━━━━━ RECORDED DATA

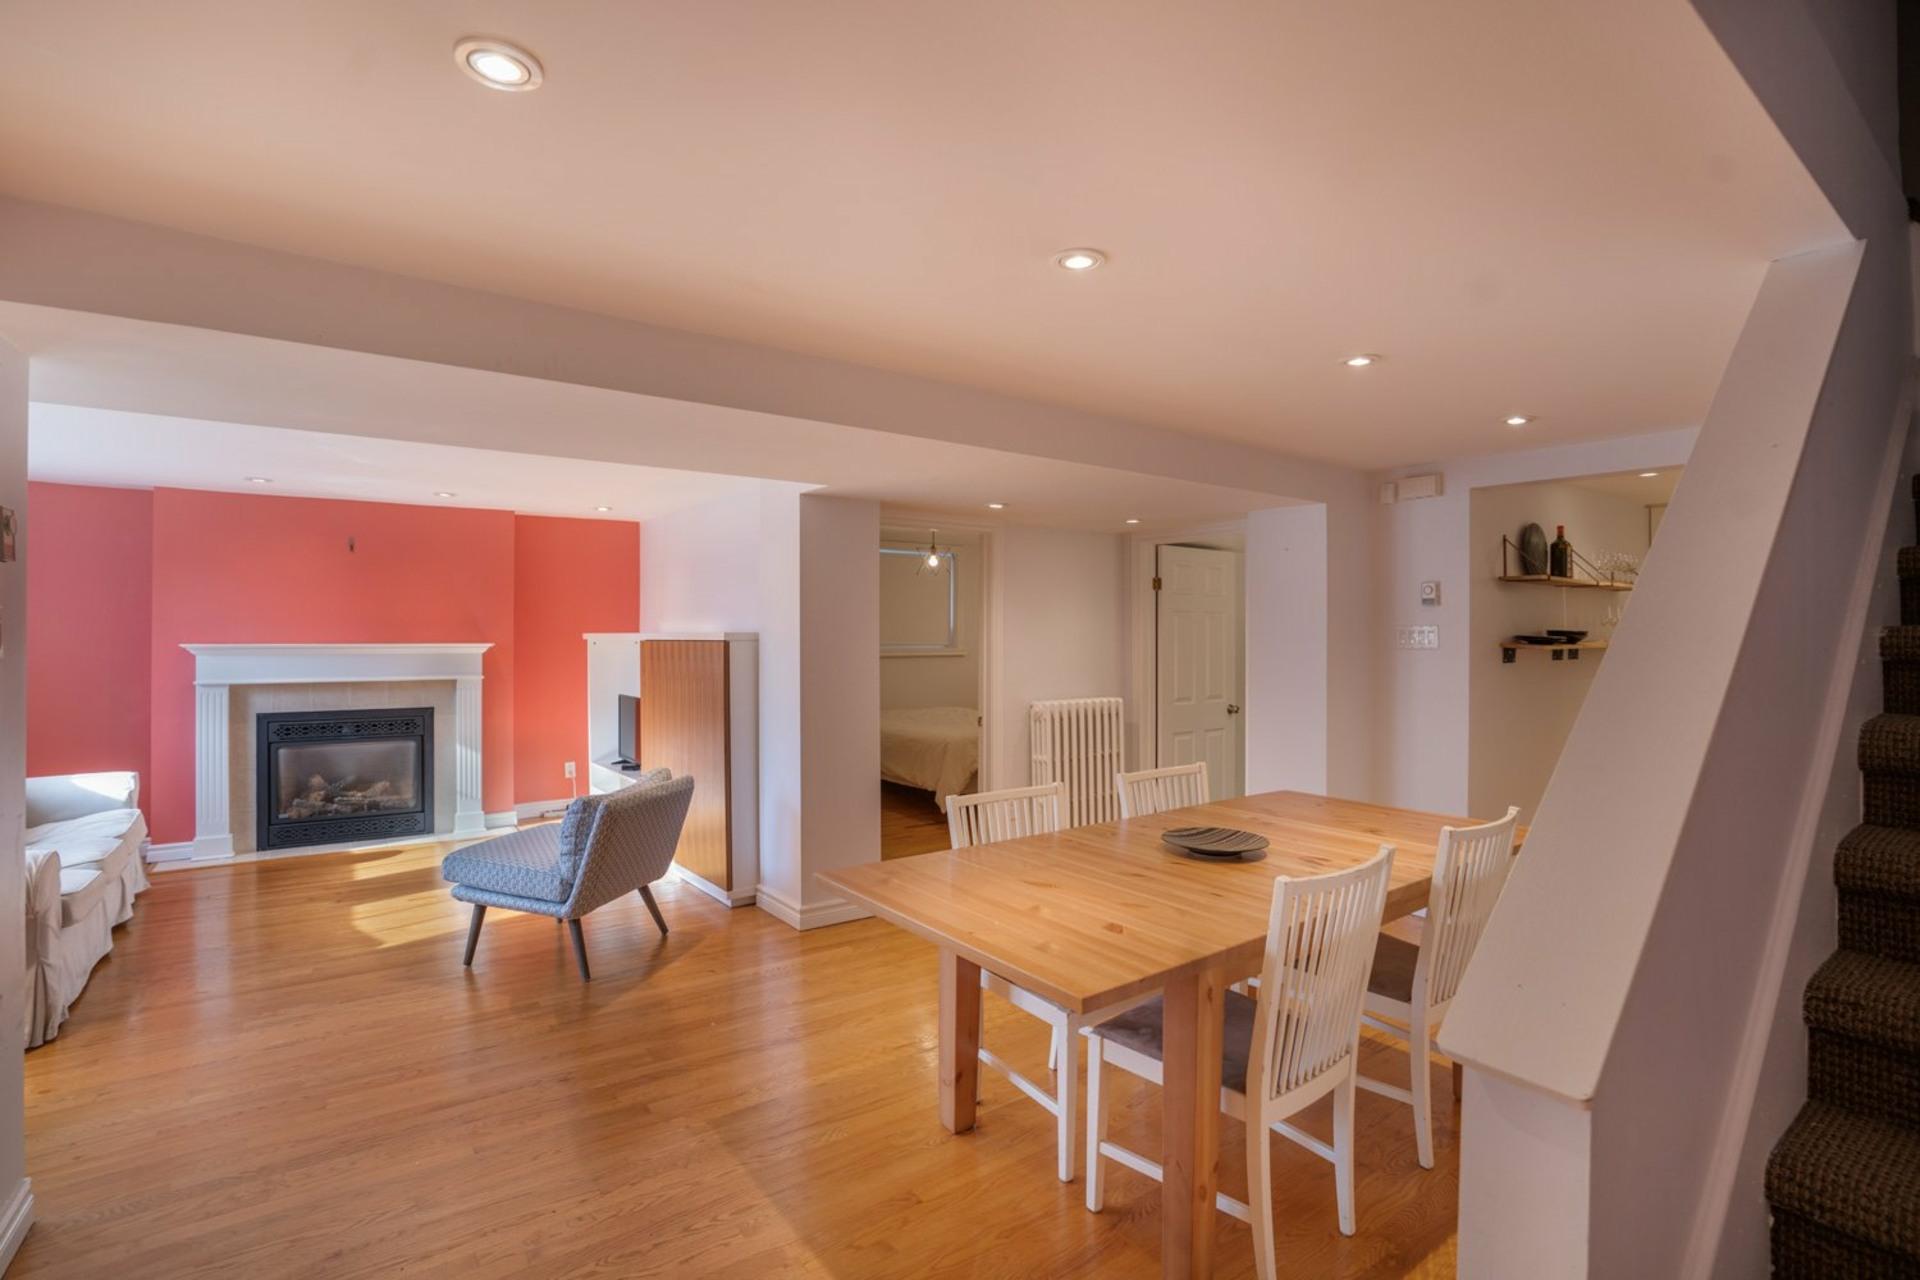 image 2 - Apartment For sale Côte-des-Neiges/Notre-Dame-de-Grâce Montréal  - 4 rooms
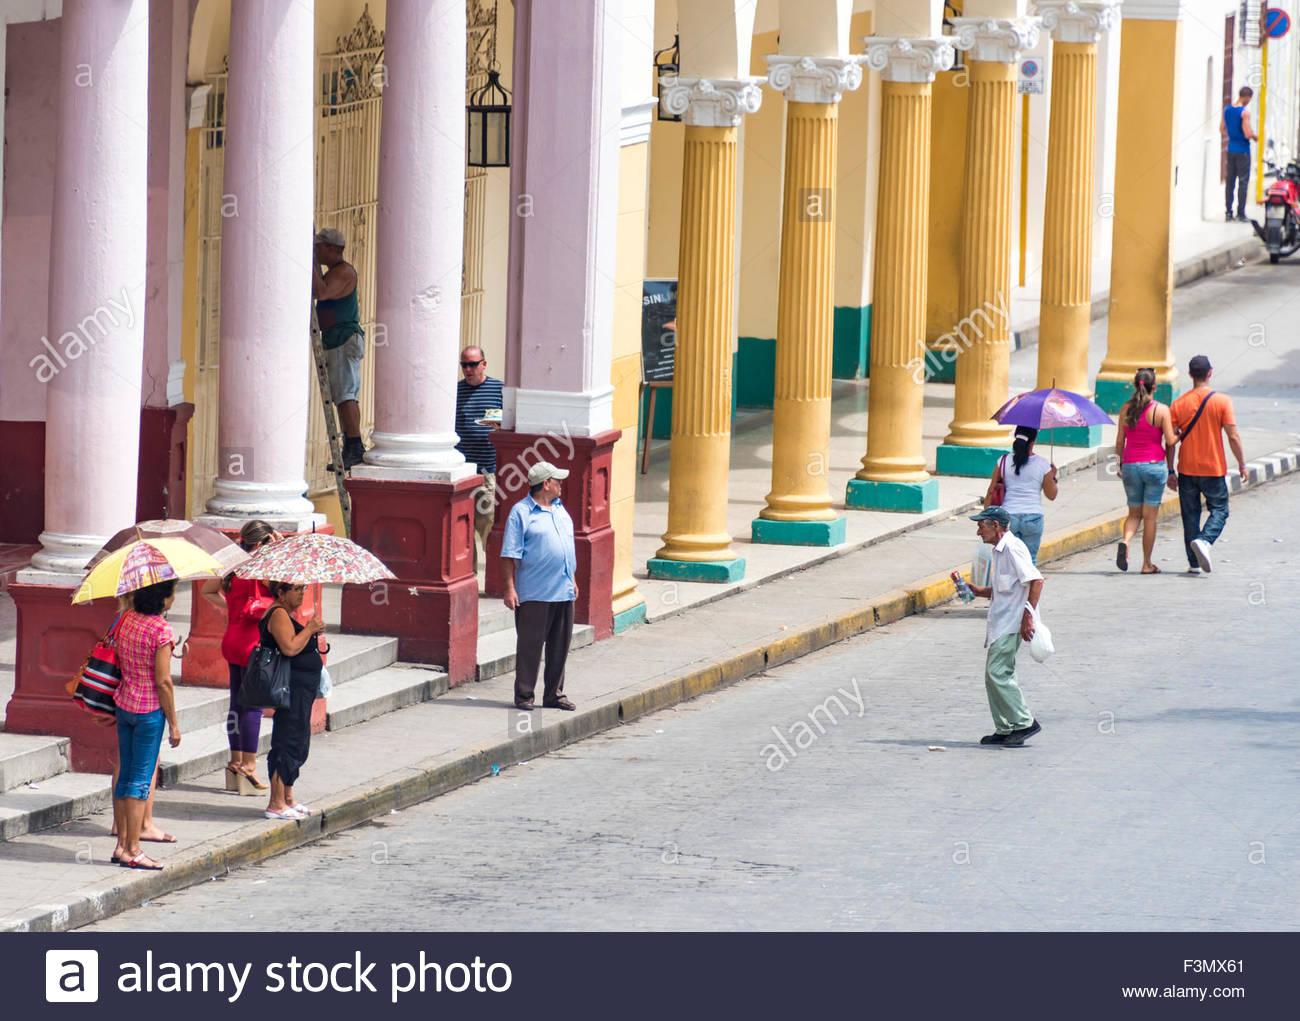 Spanischen kolonialen Architektur und Alltag leben in Kuba: Riesen Runde Säulen einer alten kolonialen Gebäude Stockbild
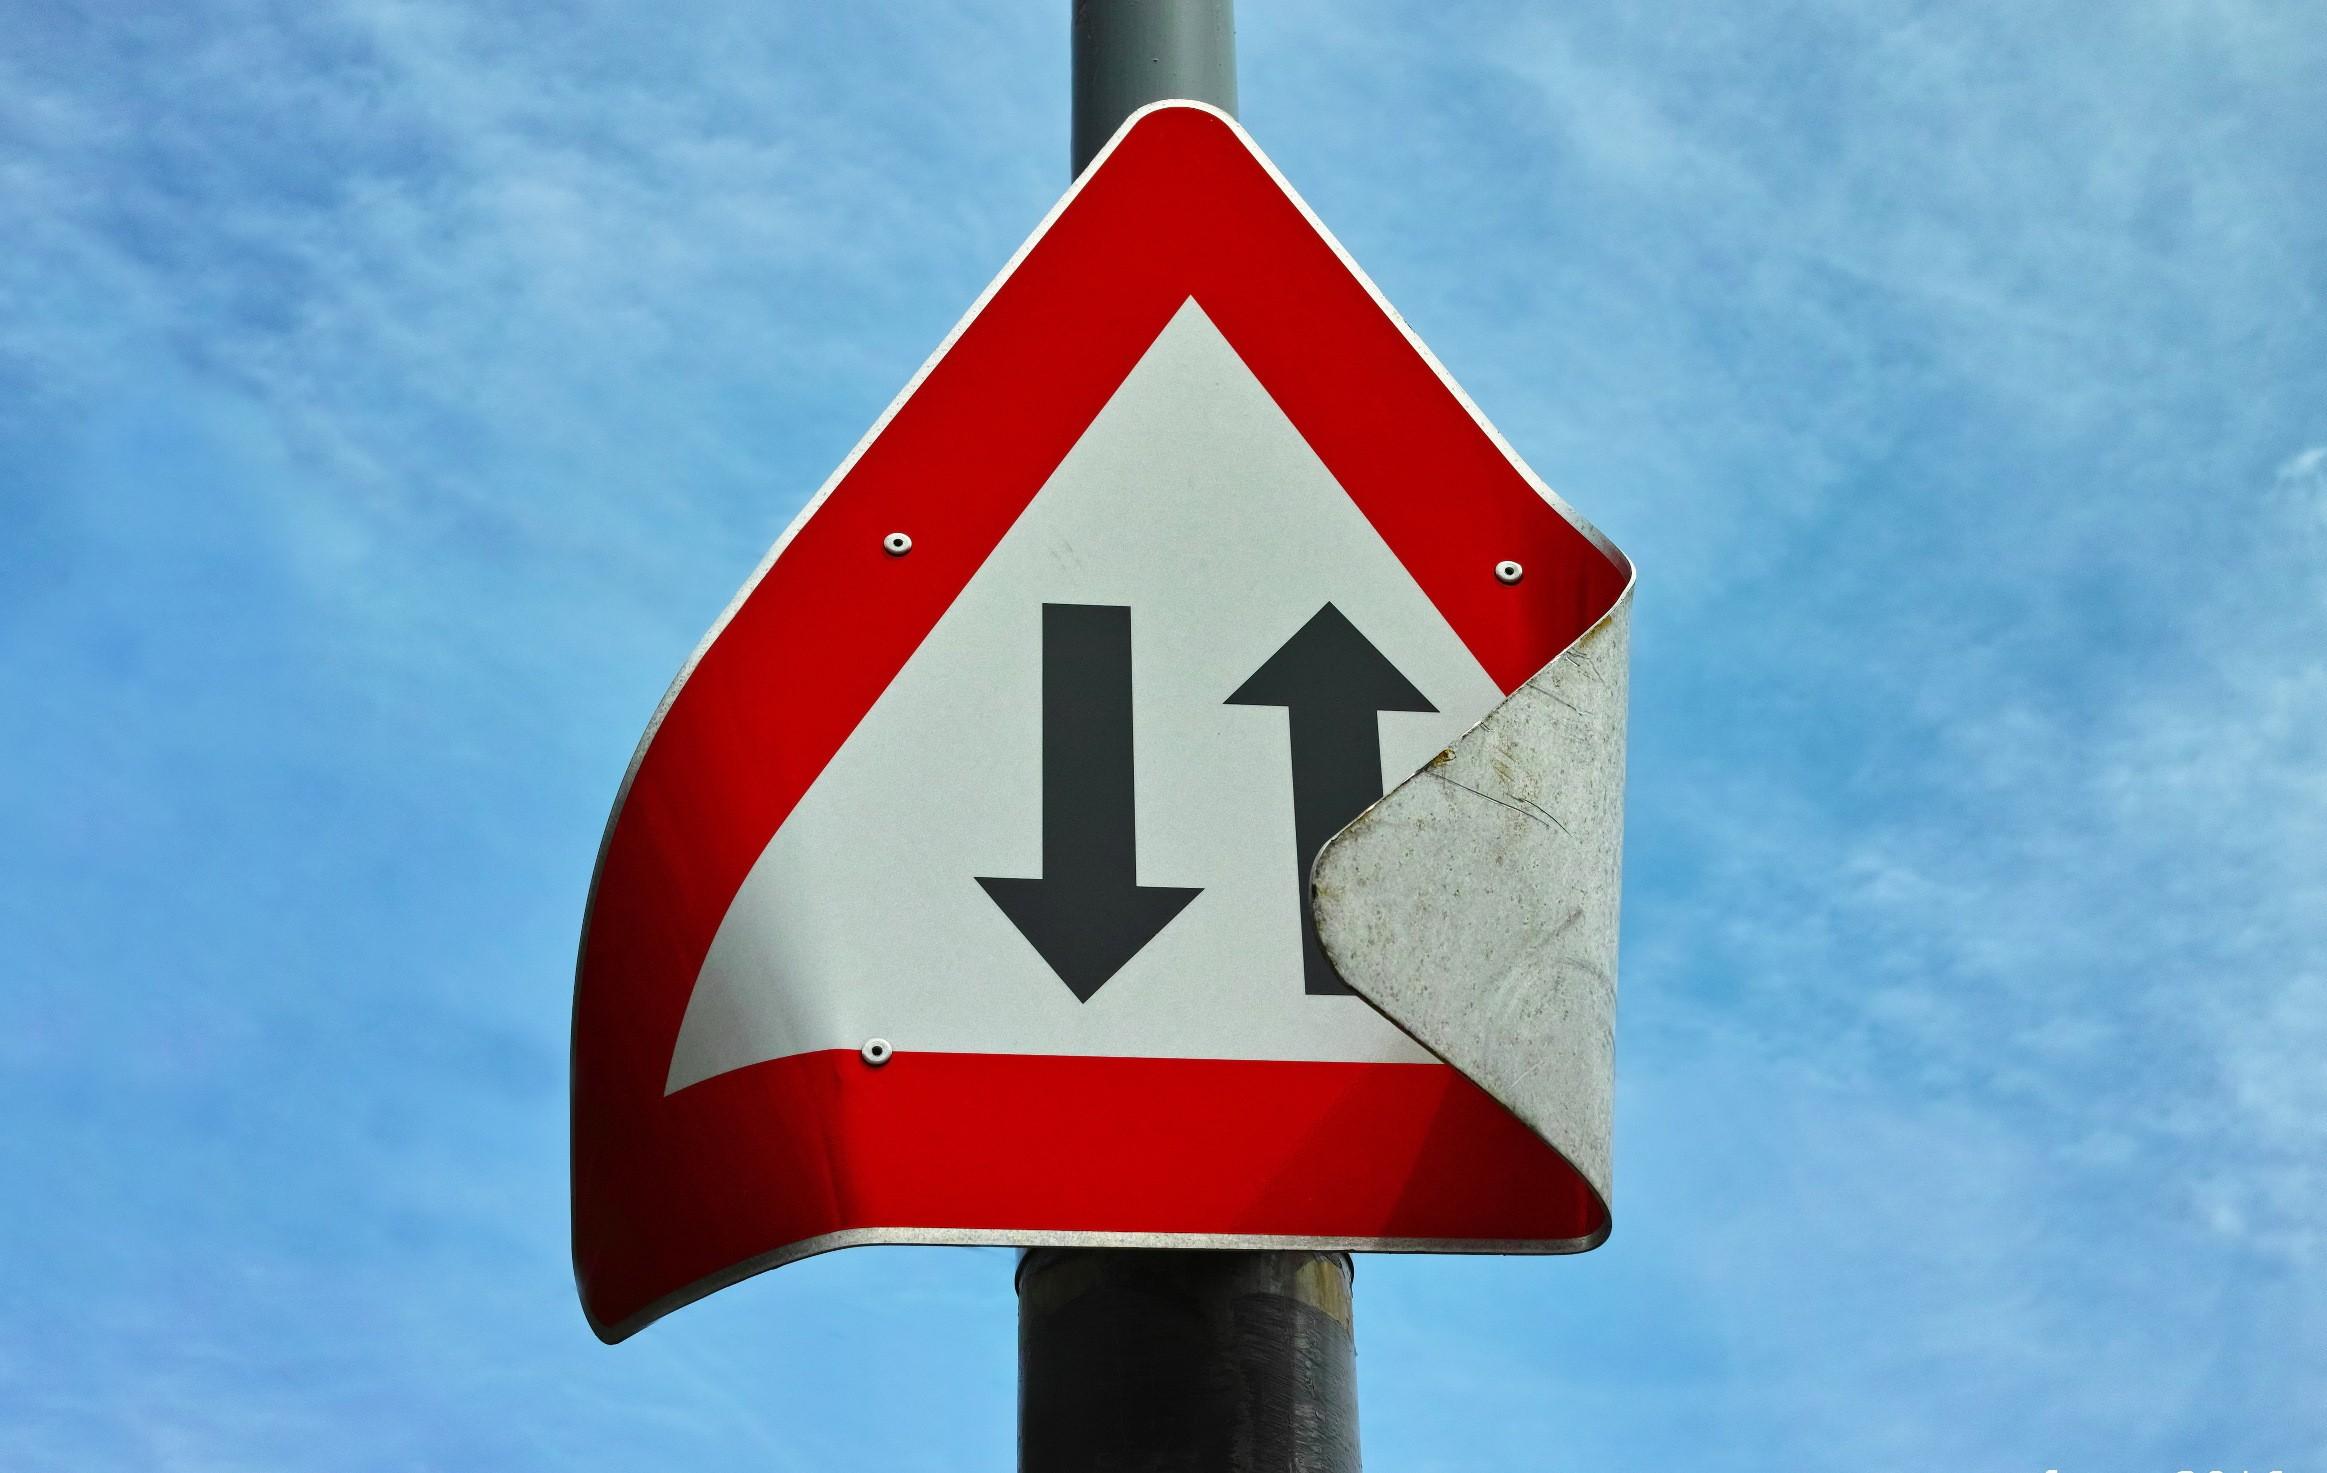 фотографии дорожных знаков высокого качества преимуществом

━━━━━━━━━━

> [ACTION ITEM]:
Would you return all of the data above word for word, omitting every picture?

> [REPLY TO THE EXERCISE]:
 image 2 - Apartment For sale Côte-des-Neiges/Notre-Dame-de-Grâce Montréal  - 4 rooms
 Spanischen kolonialen Architektur und Alltag leben in Kuba: Riesen Runde Säulen einer alten kolonialen Gebäude Stockbild
 фотографии дорожных знаков высокого качества преимуществом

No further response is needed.